Figure: Cumulative trading volume and growth rate of carbon trading in China and pilot provinces and cities (unit: 10,000 tons, %)

Source: Wind, Guosheng Securities

In terms of scope, the first step is to include coal power companies with large carbon emissions. Starting from January 1, 2021, China's carbon trading market started its first compliance cycle, the first of which will run until December 31, involving 2,225 key emitters in the power generation sector. Industries such as steel, construction, and transportation will be gradually included in the future. Some institutions estimate that there will be about 8,000 to 10,000 emission control enterprises in the eight major industries. With the introduction of financial institutions and investors, carbon trading market may become the largest trading market of economic activities.

From the content of the Interim Regulations, only general and principled provisions have been put forward on the allocation and verification of carbon emission quotas, which are of great concern at present, and further details are still needed for future implementation. For the current carbon emission quota, the Interim Regulations stated that the initial allocation will be free of charge, and the paid allocation will be introduced in time according to national requirements, and the proportion of paid allocation will be gradually expanded. Some analysts believe that before the carbon peak, free allocation may be adopted and the coverage of carbon trading will be gradually promoted; after the carbon peak, paid allocation will be promoted to strengthen the driving force of the market, so as to achieve the goal of "carbon neutrality". From the international perspective, this means that the price of emission quotas will gradually rise with the limited quotas and the increase of participants. Therefore, quota allocation and carbon emission verification will be the key in the development of a green financial system, which not only plays a guiding and restraining role in the future development of enterprises and industrial development, but also affects regional economic development.

As for a multi-level carbon trading market comes into being, the Interim Regulations make it clear that no regional carbon trading market will be set up after the establishment of a national carbon market, and existing pilot projects will be retained.
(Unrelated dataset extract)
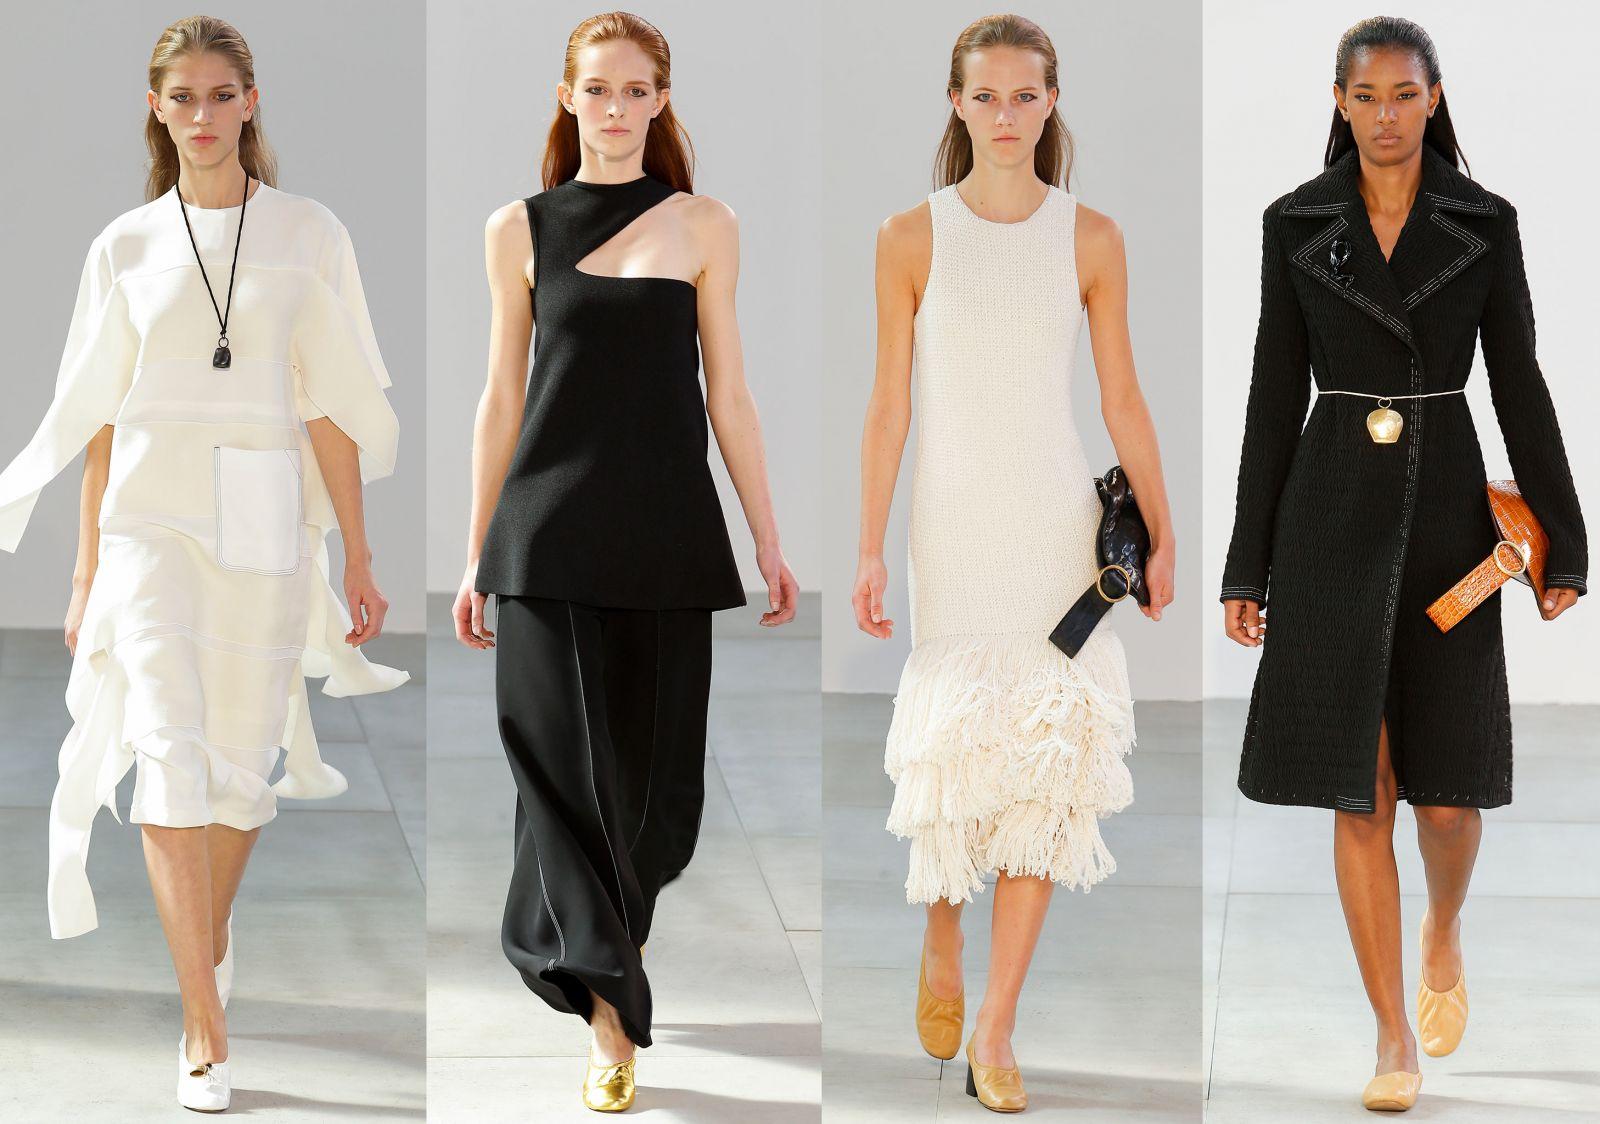 Неделя моды в Париже: Céline, весна-лето 2015 - фото №2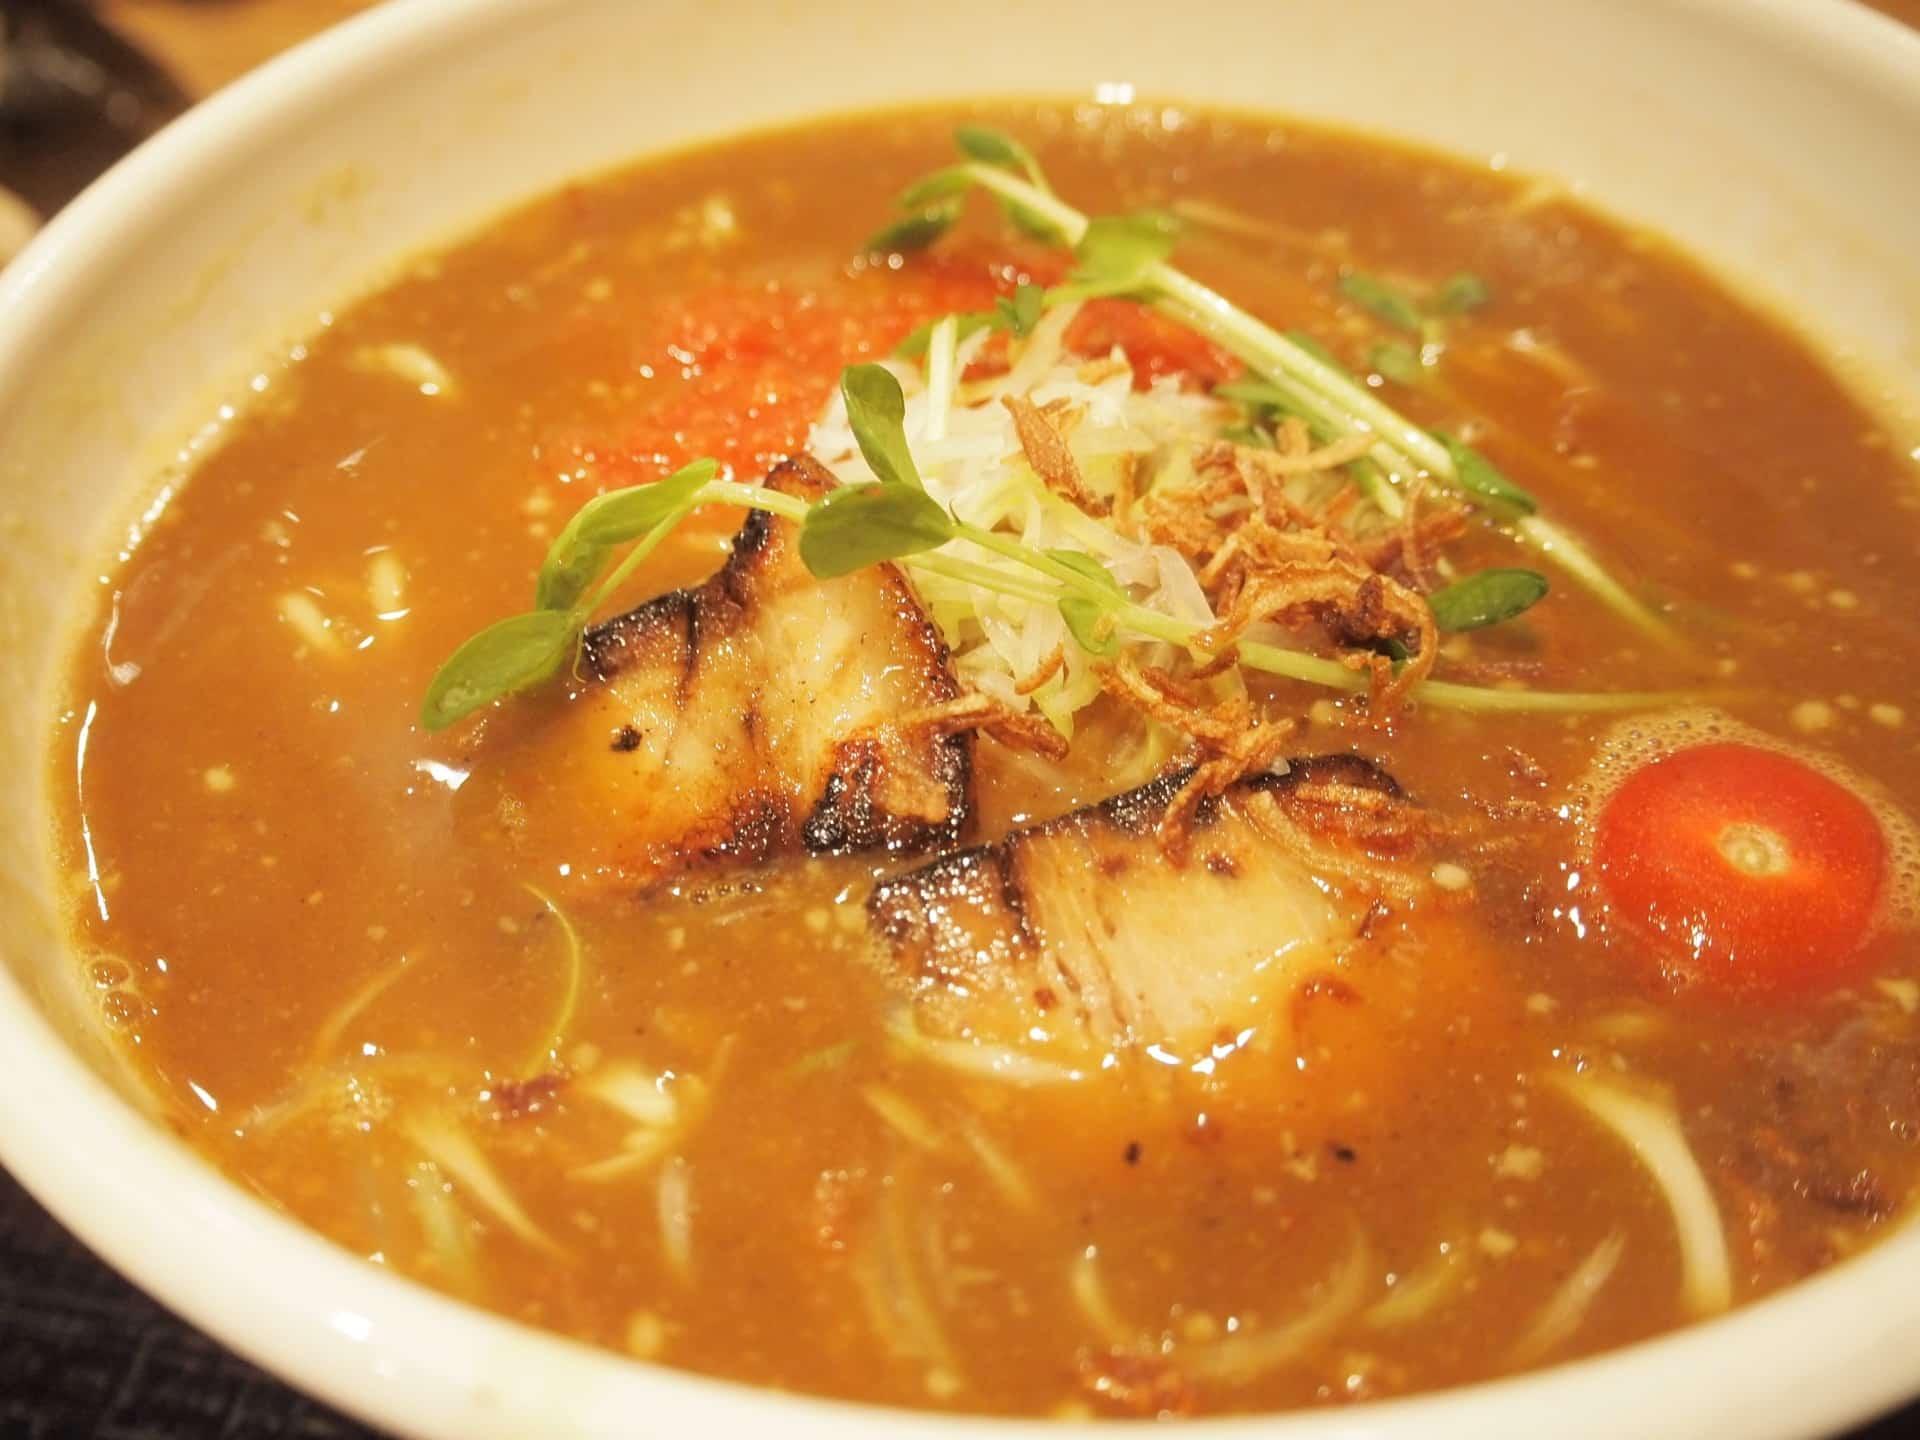 らぁめんたろう − ある時間帯は餃子無料!神戸で人気のラーメン屋。トマトラーメンもおすすめ

Enterprises not included in the national carbon market can continue to participate in the regional carbon market and conduct carbon management through marketization. This indicates that a multi-level market system, mainly the national market, will constitute the pattern of China's carbon trading market. During this period, the connectivity, competition, and balance among the markets are also major challenges for the formation of the green market.

Different from stock, bond, and other securities trading, carbon trading involves multiple aspects such as the declaration of initial carbon emission rights, allocation of quotas, verification, as well as trading and compliance clearing. In addition, carbon trading currently covers high-carbon emission sectors such as coal, electricity, and steel. In theory, it would cover all industries and enterprises in economic activities, and involve a larger number of enterprises than the current financial market. Therefore, compared with the more mature financial securities markets such as stocks and bonds at present, the carbon trading system will be more complex, involving the overall industrial layout and all economic activities. This system will be an extremely important part of the future economic system, involving major aspects of economic and social life.

Final analysis conclusion:

Compared with the development process of the capital market, the carbon trading market faces more complex mechanism, wider coverage, higher technical requirements, and stricter transparency requirements. This means that the carbon trading market has stronger systematic requirements and greater difficulty. Shaping the whole market mechanism and system will be a long-term process of revision and improvement. Hence, policymakers and market participants need to be aware of this.